TRAINING DETAILS

Core “TR39 Pin Security and Key Management” Training (3 Days)

Pre-Requisite: None
Day 1 Agenda

  • Introduction to historic data encryption algorithms
  • Emergence of modern encryption algorithms; e.g. DES, 3DES and Public Key Cryptography
  • Application of DES, 3DES and Public Key algorithms to retail PIN debit operations
  • Present various key management schemes used in ATM and POS PIN debit transactions
  • Overview of encryption Keys used in ATM transactions
  • Overview of encryption Keys used in POS transactions
  • Logical structure of data flow in transactions originating from ATM and POS Terminals
  • Logical structure and transaction data flow an acquirer (i.e. Financial institution or Merchant) and EFT networks
  • Review of X9.8 standard on Retail Banking PIN Management
  • Review X9.24 standard on Retail Banking Key Management
  • Overview of PIN required controls
  • Overview of compliance and management of cryptographic devices; i.e. ATMs, PEDs and Host Security Modules, throughout their lifecycle
  • Risks and threats in compromise of the keys used to protect ATM/POS transactions
  • Class Exercise
  • Questions-Answers

Day 2 Agenda

  • Management of encryption Keys throughout their entire lifecycle, covering:
    • Key Generation,
    • Key Distribution,
    • Key Usage,
    • Key Loading,
    • Key Storage, and
    • Key Destruction.
  • Roles and Responsibilities of Key Management team (principles of Dual Custody and Split Knowledge) as used in Key Management
  • Management of cryptographic devices used in ATM/POS environments, throughout their entire lifecycle.
  • Written procedures and logs
  • Review of all the controls in section 4 of the TR-39 PIN Security & Key Management audit guideline
  • Class Exercise
  • Questions-Answers

Day 3 Agenda

  • Present use of asymmetric (Public-Private Key) cryptography; i.e. RSA and ECC and Diffie-Helman in PIN debit transactions (not overly technical)
  • Implementation of Public-Private Key infrastructure (PKI) in ATMs/POS for ‘Remote Key Loading’.
  • Use of digital certificates and/or signatures used to provide for integrity and authenticity of Keys transferred to facilitate remote Key loading.
  • Review all the controls in section 5 of the TR-39 PIN Security & Key Management audit guideline
  • Questions-Answers
  • Optional:  Network CTGA Exam  (Please note this exam is mandatory for auditors performing TR39 audits for Pulse and STAR EFT network members)

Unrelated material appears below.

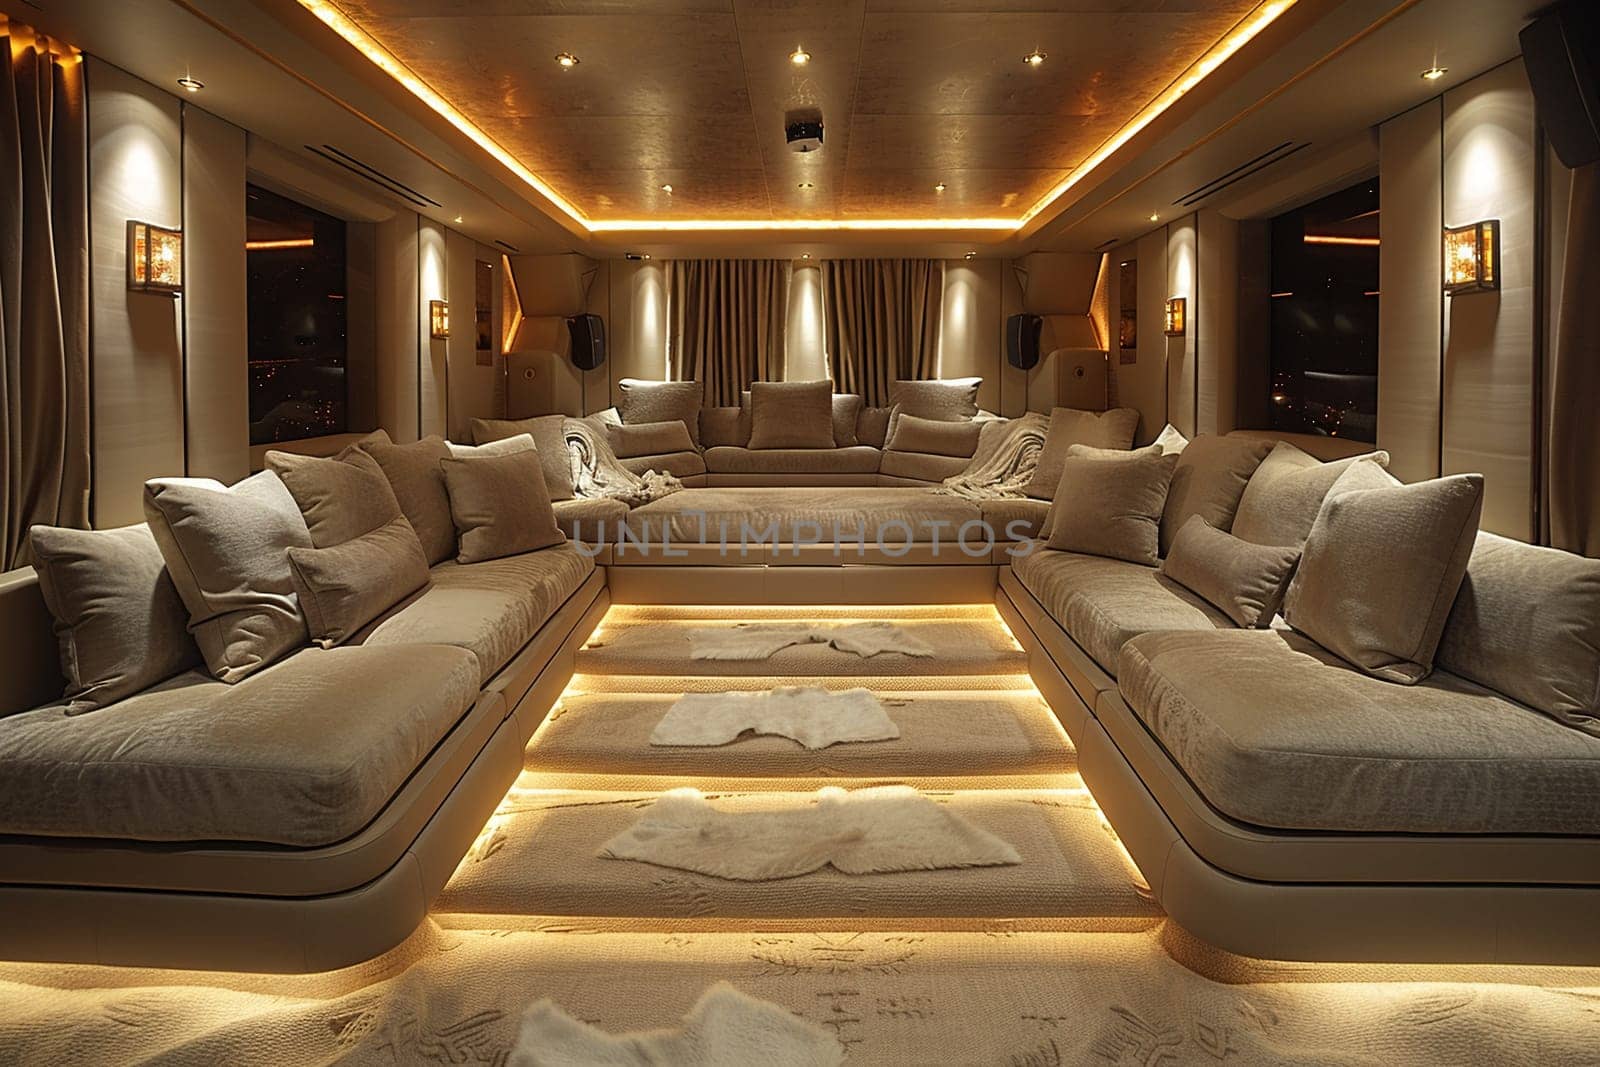 Luxurious home theater with plush seating and state-of-the-art sound system by Benzoix

Please Note: The exam is issued by and will be submitted to the networks for grading. It may take the network Grader up to 4 weeks to announce the results.

Refresher “TR39 Pin Security and Key Management” Training (1.5 days)

Pre-Requisite: Core TR39 Training Course
Day 1 Agenda

  • Review management of encryption Keys throughout their entire lifecycle, covering:
    • Key Generation,
    • Key Distribution,
    • Key Usage,
    • Key Loading,
    • Key Storage, and
    • Key Destruction.
  • Roles and Responsibilities of Key Management team (principles of Dual Custody and Split Knowledge) as used in Key Management
  • Management of cryptographic devices used in ATM/POS environments, throughout their entire lifecycle.
  • Written procedures and logs
  • Review of all the controls in section 4 of the TR-39 PIN Security & Key Management audit guideline
  • Class Exercise
  • Questions-Answers

Day 2 Agenda

  • Review use of asymmetric (Public-Private Key) cryptography; i.e. RSA and ECC and Diffie-
  • Helman in PIN debit transactions (not overly technical)
  • Review implementation of Public-Private Key infrastructure (PKI) in ATMs/POS for ‘Remote Key Loading’.
  • Use of digital certificates and/or signatures to provide for authenticity and integrity of Keys used to remotely load the initial Keys
  • Review all the controls in section 5 of the TR-39 PIN Security and Key Management audit guideline
  • Questions-Answers

Optional:  Network CTGA Exam (Please note, if you have taken this exam in the past and have received your CTGA certificate there is no need to take it again.)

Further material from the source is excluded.